From a HBase perspective, Trafodion is designed to:
Ride the unstoppable Hadoop wave or momentum that is currently underway. Hadoop is transforming how companies store, process and share big data. Companies are now able to process an unprecedented volumes of data using low cost server and storage technologies.
Most Hadoop software is available as open-source that can be downloaded for free! This offers companies new economic and technology infrastructure models that free businesses from vendor lock-in and prohibitive software licensing fees.
Community development holds the promise of leveraging a large pool of talented development resources that can speed time to market for new features and capabilities.
Provide schema flexibility and support for all forms of business data including structured, unstructured, and semi-structured data formats. Trafodion hosted applications can seamlessly access and join data from Trafodion, native HBase, and Hive tables without expensive replication or data movement overhead.
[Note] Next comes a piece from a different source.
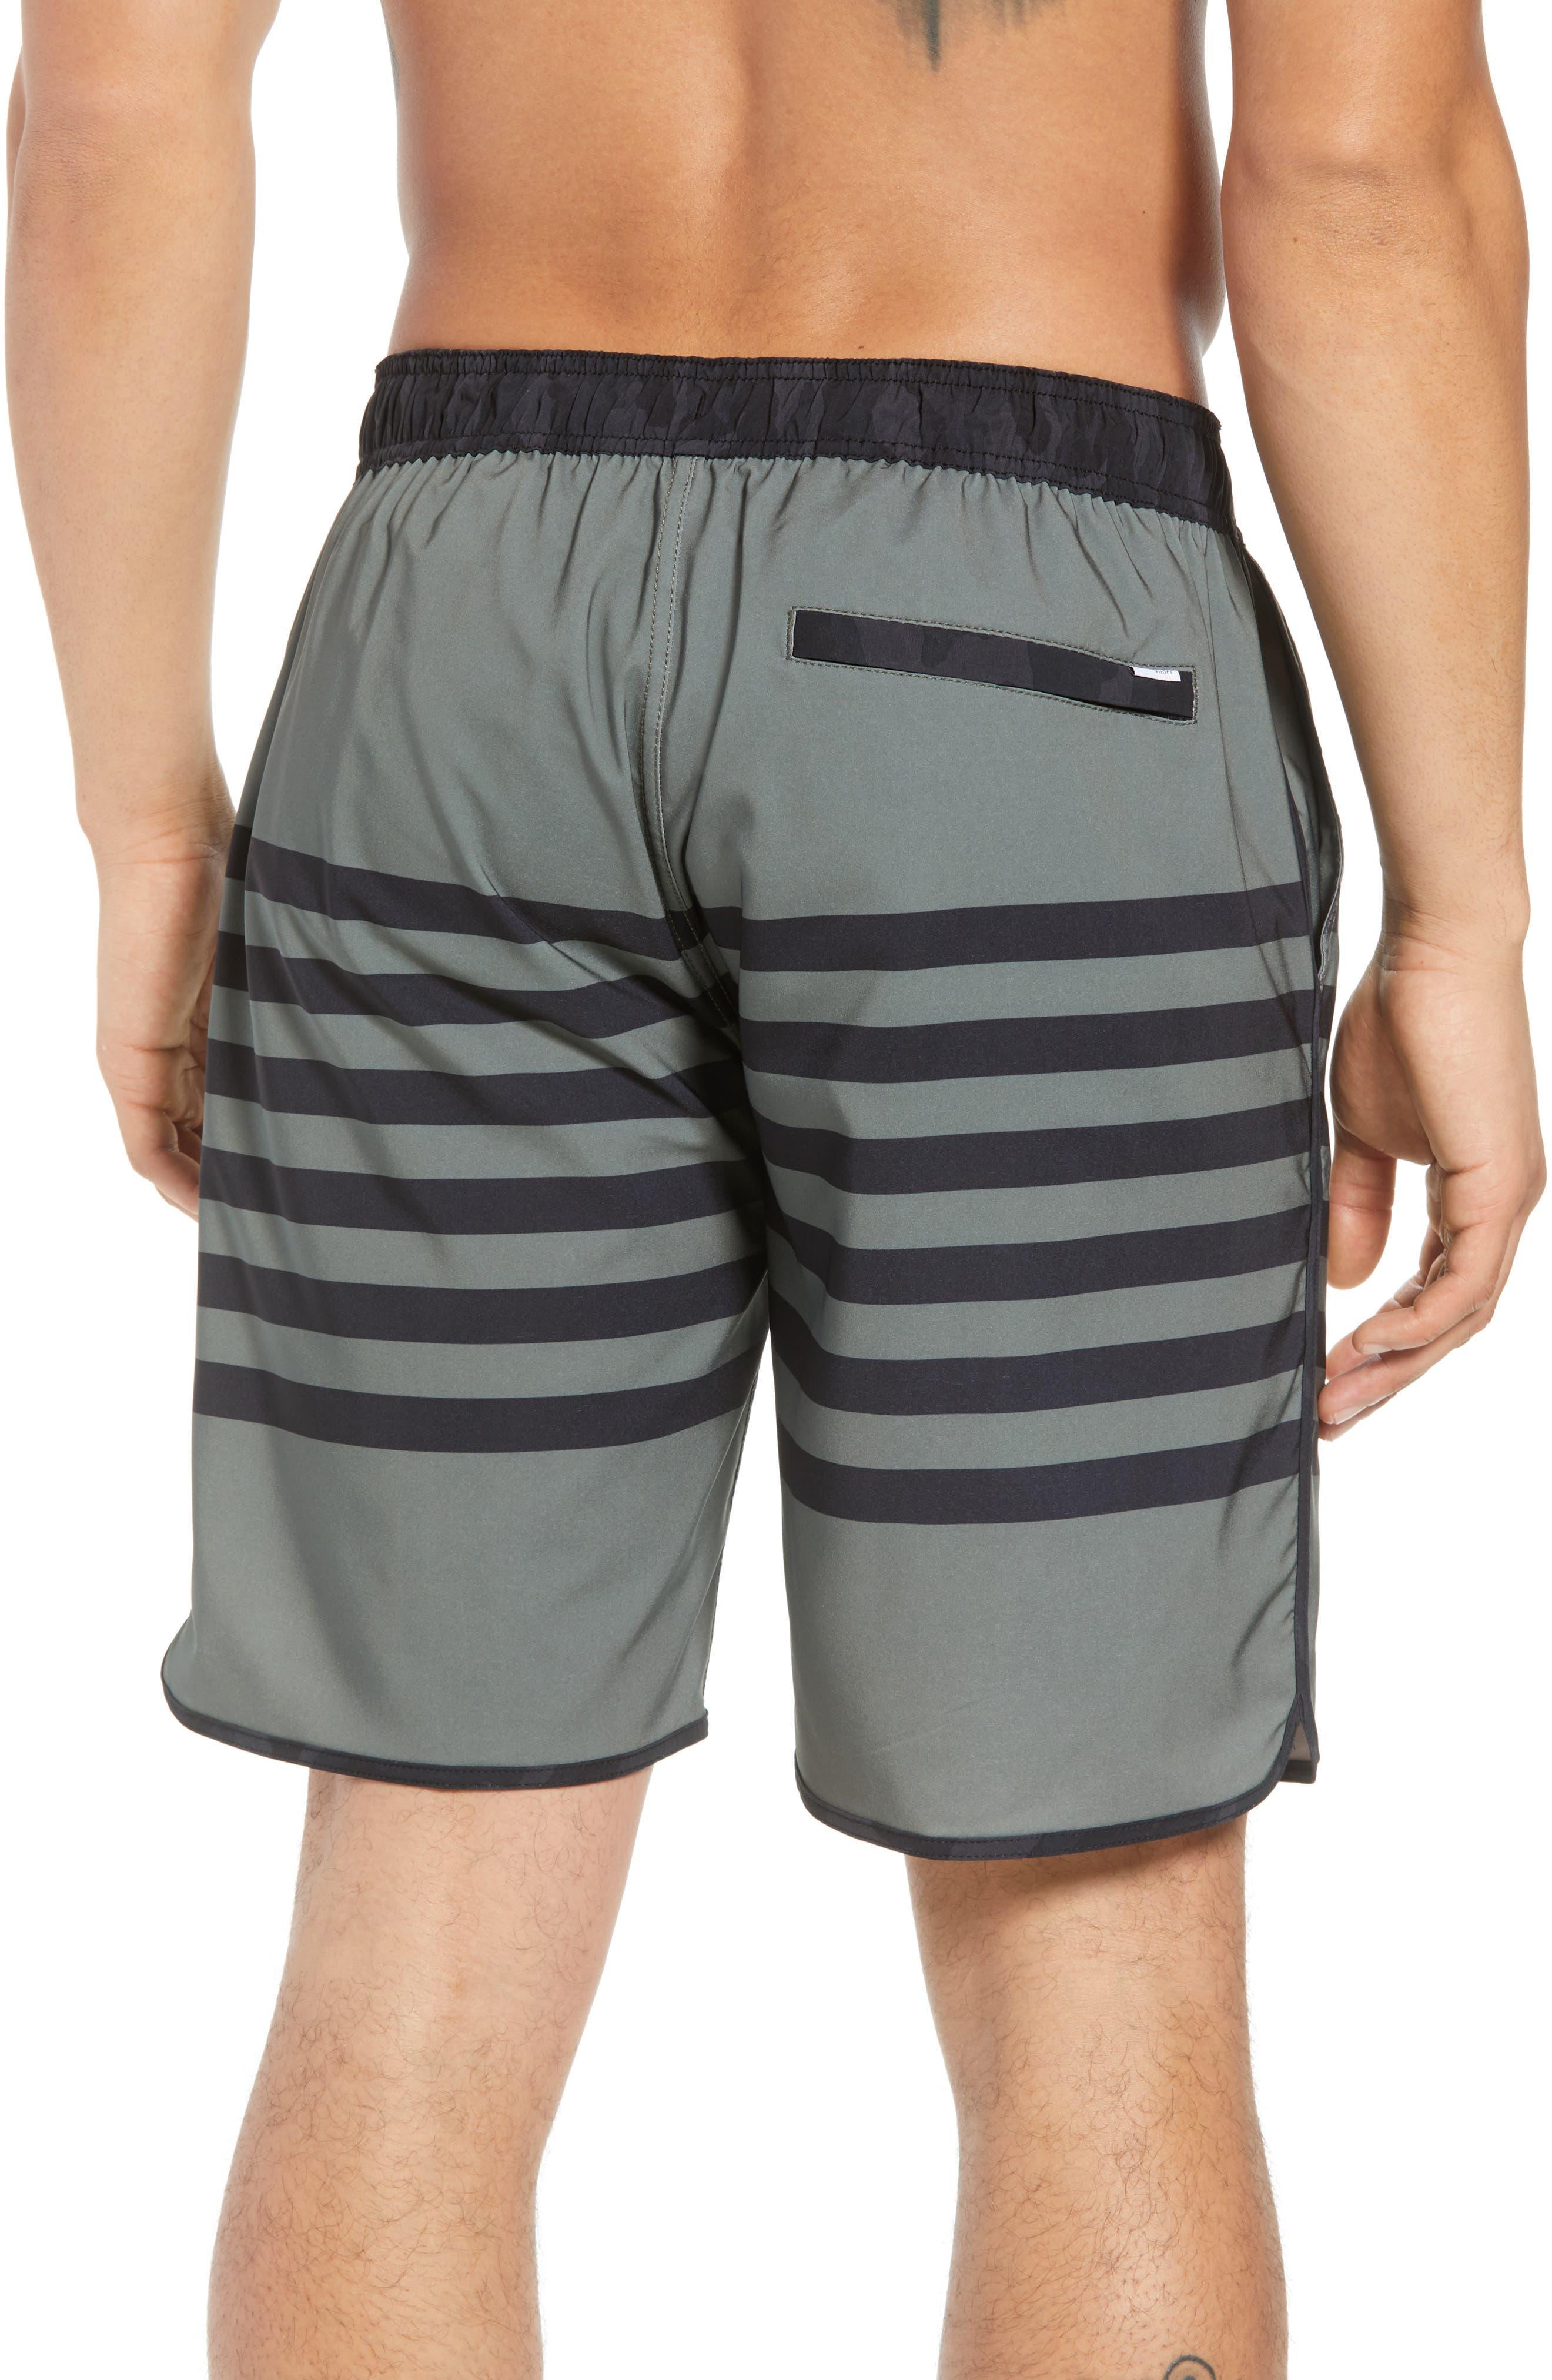 Banks Shorts,                             Alternate thumbnail 2, color,                             Army Stripe

From a Transactional SQL perspective, Trafodion offers:
A comprehensive and full-functioned ANSI SQL DBMS which allows companies to reuse and leverage existing SQL skills to improve developer productivity.
Extends Hadoop HBase by adding support for ACID transaction protection that guarantees data consistency across multiple rows, tables, SQL statements.
Includes many optimizations for low-latency read and write transactions in support of the fast response time requirements of the operational SQL workloads Trafodion is targeting.
Hadoop workloads can be broadly categorized into different workload types i.e. Operational, Interactive, Non-Interactive, and Batch. These categories vary greatly in terms of their response time expectations as well as the amount of data that is typically processed (see the chart). The bracketed categories as shown are where the marketplace (vendors and customers) have predominantly focused their attention and therefore these are the most mature in nature in terms of development efforts and solution offerings. For the most part these categories represent efforts centered around “analytics” and business intelligence processing on “big data” problems. These workloads are well positioned to leverage Hadoop strengths and capabilities, map-reduce in particular.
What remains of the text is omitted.